В том году мы ещё носили колотушки. Это были такие сандалии из дерева. Каждая сандалия из двух кусков дерева, соединённых на сгибе маленьким кусочком кожи. Идёшь по улице и только слышишь: стук-стук, клац-клац, стук-стук.

Это было время слова «вместо». Вместо ботинок – колотушки. Вместо хлеба – лепёшки, замешанные на чёрной муке и перемолотой древесной коре. Вместо дров и угля – кизяки, прессованный и высушенный навоз, а то и кукурузные кочерыжки. Вместо электрической лампочки – коптилки. Такие коптилки были тогда во всех домах. Штука немудрая: фитилёк в маленькой баночке, наполненной лампадным маслом.

Как-то зимой я бежал в школу.
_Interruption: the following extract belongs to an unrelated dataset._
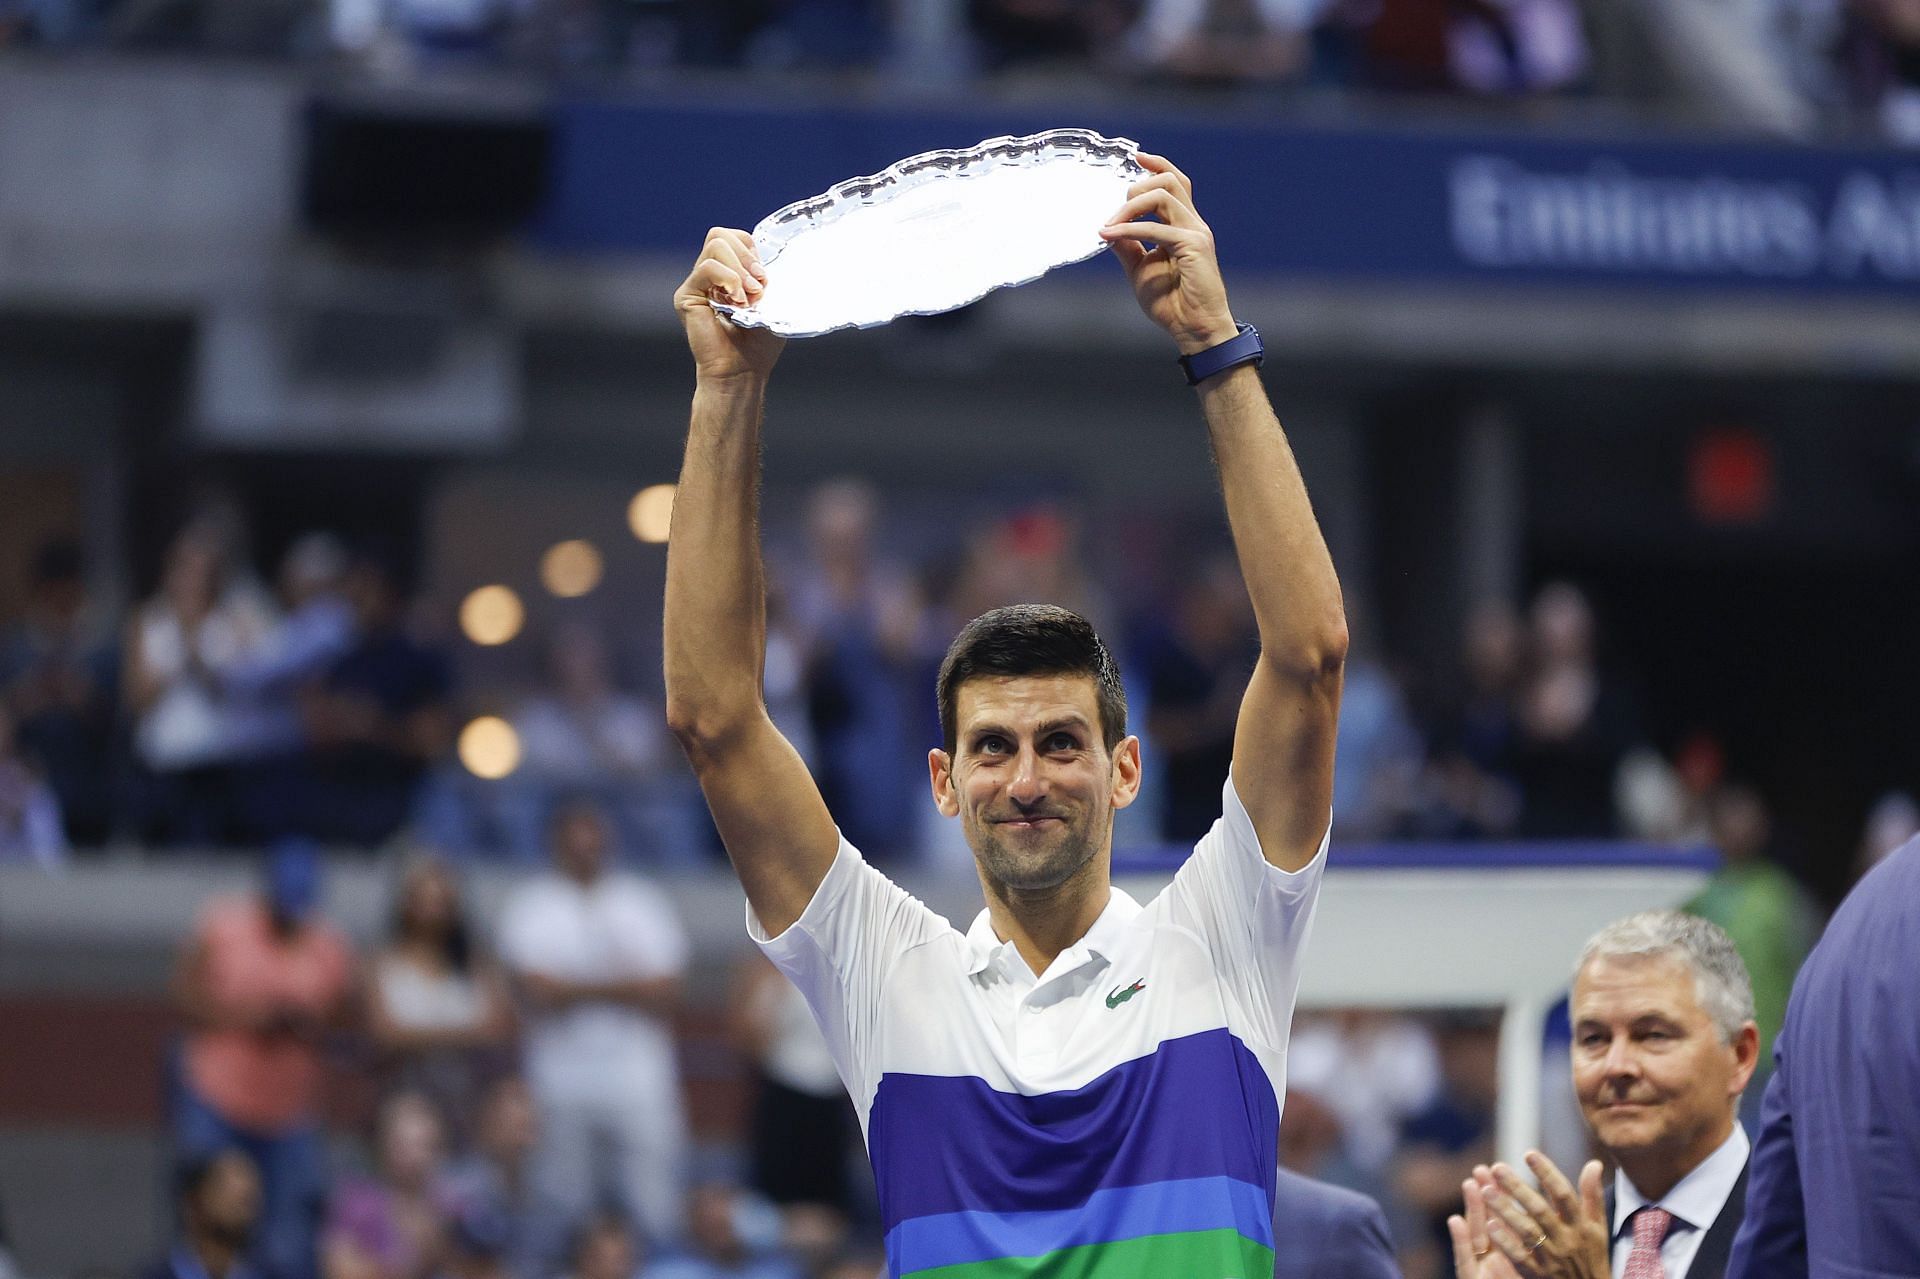 Novak Djokovic lost the 2021 US Open final to Daniil Medvedev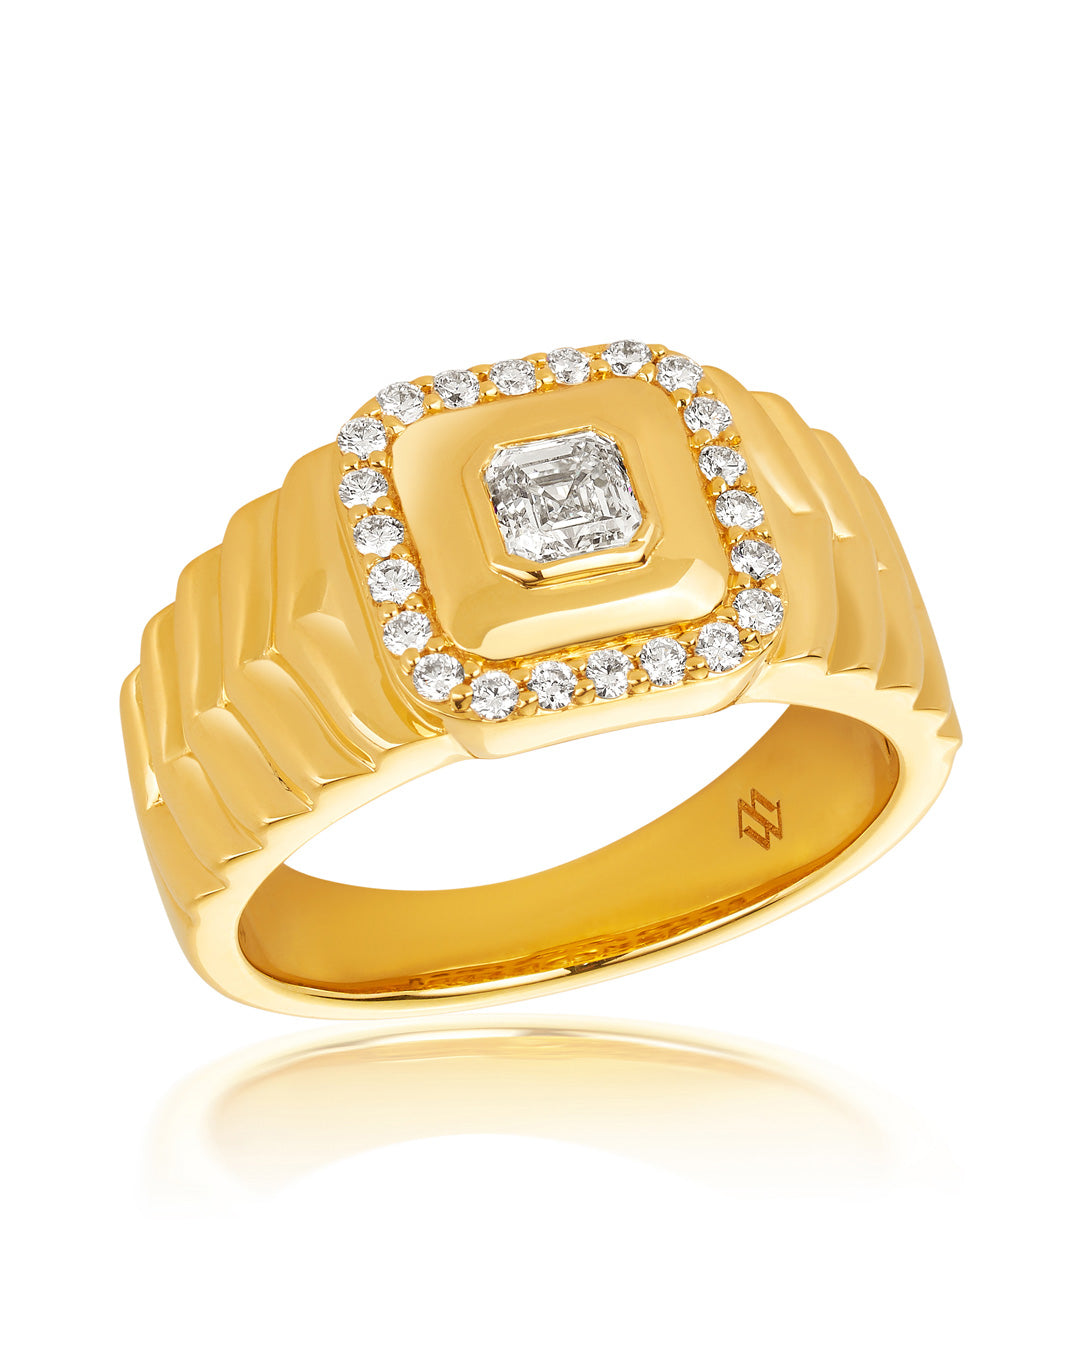 ‘Asscher’ - Round and Asscher Cut Diamond Ring – McKinney Welch AUS

Бежал не потому, что опаздывал, а чтобы согреться. В феврале дело было. Я заметил, что, если не поешь досыта, всегда холодно. Ну и одежда, надо сказать, тоже была у меня узковатая. Снизу коротко, а рукава наставлены и от этого как дудочки. Может быть, и от этого холодно было.

Пробежал я квартал, завернул за угол и чуть было не сшиб парнишку. Самого от земли еле видно, а ботинки большие, должно быть отцовские, и сам женским платком перевязан крест-накрест.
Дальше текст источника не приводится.